The sixth and final stop is back home in Gateshead.
If you were being uncharitable, you might claim that an empty shop is more in keeping with Gateshead town centre than an occupied one, given the unusually high rate of voids – a reported 60%. However, it’s difficult to judge how Gateshead is really faring given that a huge chunk of the town centre is currently being demolished as part of the Trinity Square redevelopment. There are positive signs, though – an independent ladies’ fashion shop has opened in the prominent former Leveys site opposite the bus station, while a pawnbroker is due to open in the corner unit of the former Co-op department store this coming Saturday… However, it’s difficult to see much happening with the Woolies site while the town centre is in redevelopment flux, unless Tesco chooses it for its temporary store over the smaller (but already acquired) old Kwik Save premises down the road.
So, what does all this show? Certainly, it seems to mirror the UK picture in so far as a majority of former Woolworths stores remain empty. Similarly, it also echoes the way that many of those Woolworths that have been taken over are now occupied by value variety retailers – ironically, a niche that Woolworths could and should, in different circumstances, have carved for itself.
Perhaps most importantly, it reminds us – if a reminder were needed – of just how ubiquitous Woolworths was in our high streets and shopping centres, and the gap that has been left by its departure; a gap that, as yet, has only been partially filled.
Update – 14 October 2009: It looks like the store in Stockton has now been taken over by B&M Bargains.

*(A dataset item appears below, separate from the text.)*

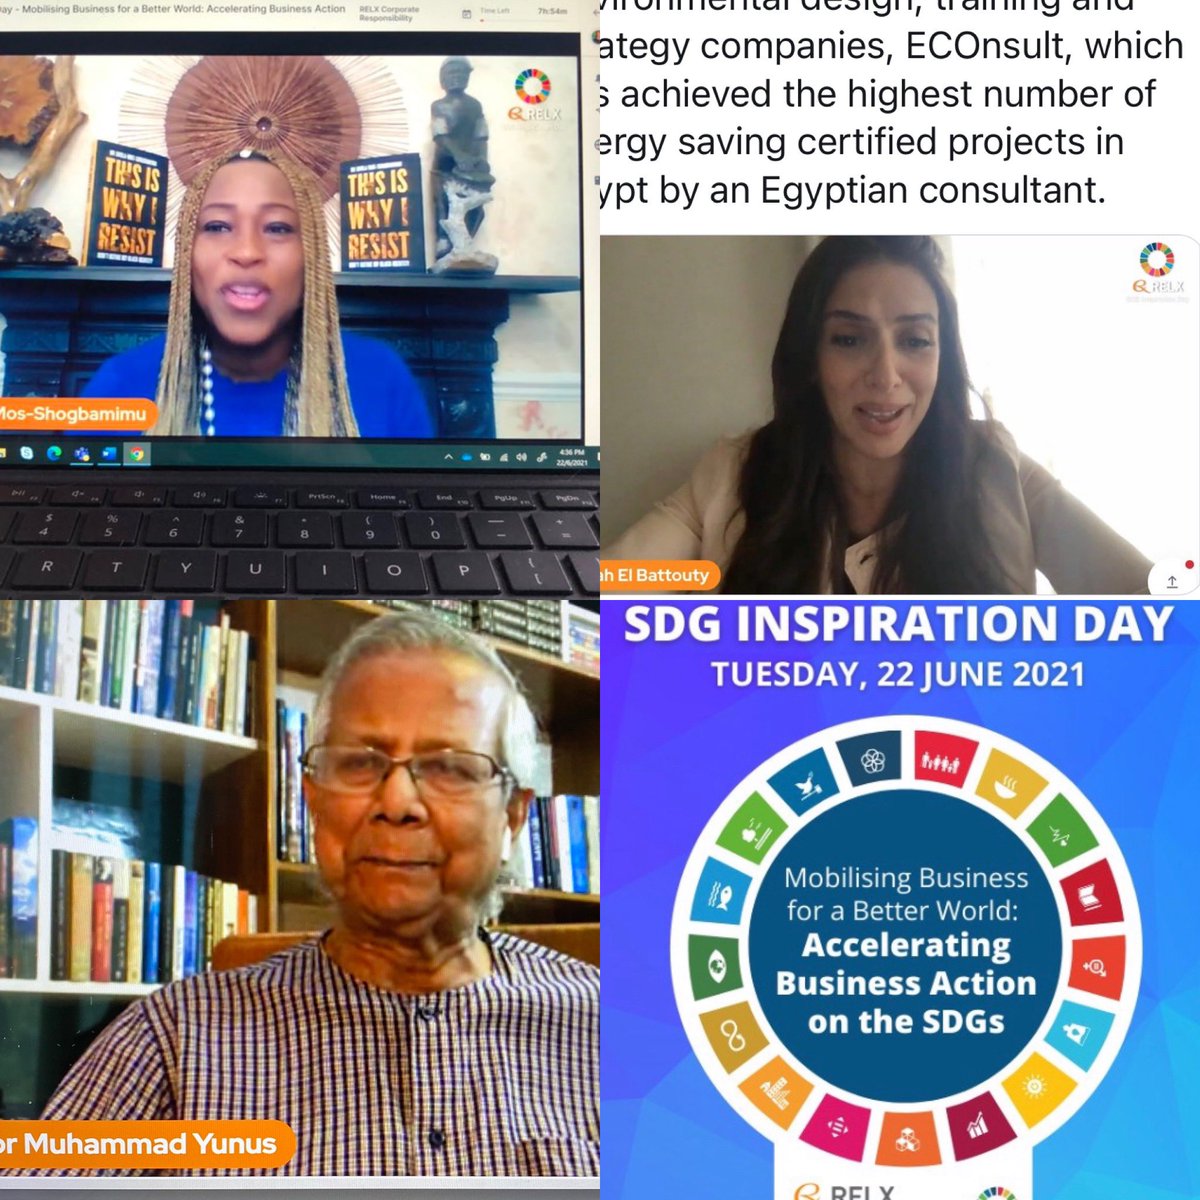 Humbled to be on the same opening speaker with keynote speaker Noble Laureate Entrepreneur mentor Professor @Yunus_Centre , @SholaMos1 on @RELXHQ #sdginspirationsay

I thought that the Waremart store in Middlesbrough captured the Woolworths vibe a lot better than Redcar did. The shopping centre only recently took the Woolworths signage down from outside, which I complained about. For the sake of English heritage we should have left reminders. M’bro now has a cheap shop which doesn’t look, feel or smell like a Woolworths, and so the vibe has gone. I have written about Woolworths on these occasions:
http://thesteveoliverblog.blogspot.com/2008/12/panic-buying-pick-n-mix.html
http://thesteveoliverblog.blogspot.com/2009/05/like-stepping-back-in-time.html
http://thesteveoliverblog.blogspot.com/2011/06/destroying-legacy.html
That’s fascinating Gareth – many thanks! I’ll have to keep an eye out next time I visit Stockton and Middlesbrough again.
Having been to Stockton and Middlesbrough,the former Woolworths stores you visited, were not the original stores in these towns. Firstly in Stockton, up until the opening of the Castle Centre, Woolworths was at the other end of the High Street between M&S and Debenhams, it is now a YMCA charity shop near the corner of what is left of Wellington Street. When Woolworths moved to the Castle Centre, the then North Eastern Co-Operative Society acquired the store to connect to their Wellington Street Department Store which gave them a some high street frontage. The store closed in the early 90s and sadly the impressive Wellington Street Building was demolished to make way for the bland Wellington Square Shopping development. In Middlesbrough the former Woolworths in the Hill Street centre was actually Woolworths’ fourth store in Middlesbrough. The first was on Linthorpe Road, opposite the Sony Centre. In the 1950s they moved a few doors up Linthorpe Road to a new Department Store, just before Binns corner. This was one of the many larger stores which had large food halls which closed in the early 80s when the British arm of the business was sold. This building was split into three separate units. For a few years there was no Woolworths presence in Middlesbrough. Then in about 1990 there was a short-lived Woolworths Music & Video store in a corner unit diagonally opposite the store you visited. You may therefore have visited a further three former Woolworths.